DATA TO PROCESS START

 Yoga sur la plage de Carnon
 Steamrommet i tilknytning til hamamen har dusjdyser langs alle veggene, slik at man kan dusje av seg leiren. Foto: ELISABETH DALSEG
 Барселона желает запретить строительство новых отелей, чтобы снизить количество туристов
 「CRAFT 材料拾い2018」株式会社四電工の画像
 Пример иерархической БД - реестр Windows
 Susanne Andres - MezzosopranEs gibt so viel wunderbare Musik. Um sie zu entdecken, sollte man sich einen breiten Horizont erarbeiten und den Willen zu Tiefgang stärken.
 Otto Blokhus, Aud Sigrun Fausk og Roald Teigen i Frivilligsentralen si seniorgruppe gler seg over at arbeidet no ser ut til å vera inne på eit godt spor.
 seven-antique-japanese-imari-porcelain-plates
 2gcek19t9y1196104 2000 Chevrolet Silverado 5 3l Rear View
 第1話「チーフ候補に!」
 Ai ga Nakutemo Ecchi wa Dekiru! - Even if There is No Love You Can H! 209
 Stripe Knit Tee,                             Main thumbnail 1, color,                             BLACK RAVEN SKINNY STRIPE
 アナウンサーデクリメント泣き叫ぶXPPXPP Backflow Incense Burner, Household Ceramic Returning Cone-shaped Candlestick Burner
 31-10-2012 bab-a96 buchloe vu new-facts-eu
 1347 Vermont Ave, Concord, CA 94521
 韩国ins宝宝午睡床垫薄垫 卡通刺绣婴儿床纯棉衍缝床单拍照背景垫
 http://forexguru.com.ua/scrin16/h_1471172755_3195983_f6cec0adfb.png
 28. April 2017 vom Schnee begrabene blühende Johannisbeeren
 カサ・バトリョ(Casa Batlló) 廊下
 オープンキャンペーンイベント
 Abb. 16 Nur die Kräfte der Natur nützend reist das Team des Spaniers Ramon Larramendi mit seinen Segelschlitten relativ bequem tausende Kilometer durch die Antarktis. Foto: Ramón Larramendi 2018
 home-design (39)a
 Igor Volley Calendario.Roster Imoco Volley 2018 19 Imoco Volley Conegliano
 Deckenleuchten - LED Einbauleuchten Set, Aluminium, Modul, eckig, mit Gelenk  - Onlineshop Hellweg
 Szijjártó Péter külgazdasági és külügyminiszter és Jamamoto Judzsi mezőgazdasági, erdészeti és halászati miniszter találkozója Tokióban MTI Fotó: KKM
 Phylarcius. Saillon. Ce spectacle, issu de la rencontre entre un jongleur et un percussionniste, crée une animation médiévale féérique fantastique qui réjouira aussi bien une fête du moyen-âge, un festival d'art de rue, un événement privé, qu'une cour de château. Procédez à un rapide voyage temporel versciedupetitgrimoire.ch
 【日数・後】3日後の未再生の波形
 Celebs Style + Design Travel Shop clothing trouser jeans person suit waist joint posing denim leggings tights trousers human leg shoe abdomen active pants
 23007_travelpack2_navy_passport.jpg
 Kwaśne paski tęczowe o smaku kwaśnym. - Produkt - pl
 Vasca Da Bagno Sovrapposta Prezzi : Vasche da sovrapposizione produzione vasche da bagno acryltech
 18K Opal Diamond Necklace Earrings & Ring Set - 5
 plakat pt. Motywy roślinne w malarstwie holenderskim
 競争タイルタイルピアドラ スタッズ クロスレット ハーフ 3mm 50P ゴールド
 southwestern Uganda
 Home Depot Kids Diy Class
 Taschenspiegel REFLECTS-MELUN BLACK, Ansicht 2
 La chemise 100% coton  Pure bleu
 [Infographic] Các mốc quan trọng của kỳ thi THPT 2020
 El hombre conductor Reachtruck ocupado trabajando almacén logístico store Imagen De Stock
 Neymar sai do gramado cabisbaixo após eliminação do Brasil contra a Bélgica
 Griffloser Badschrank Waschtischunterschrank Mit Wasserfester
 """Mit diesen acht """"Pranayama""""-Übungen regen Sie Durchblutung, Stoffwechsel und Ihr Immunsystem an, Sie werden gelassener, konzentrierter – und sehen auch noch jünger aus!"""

DATA TO PROCESS END

YOUR INSTRUCTIONS: All lines above with "BLACK" in them should be returned.

COMPLETED EXERCISE:
 Stripe Knit Tee,                             Main thumbnail 1, color,                             BLACK RAVEN SKINNY STRIPE
 Taschenspiegel REFLECTS-MELUN BLACK, Ansicht 2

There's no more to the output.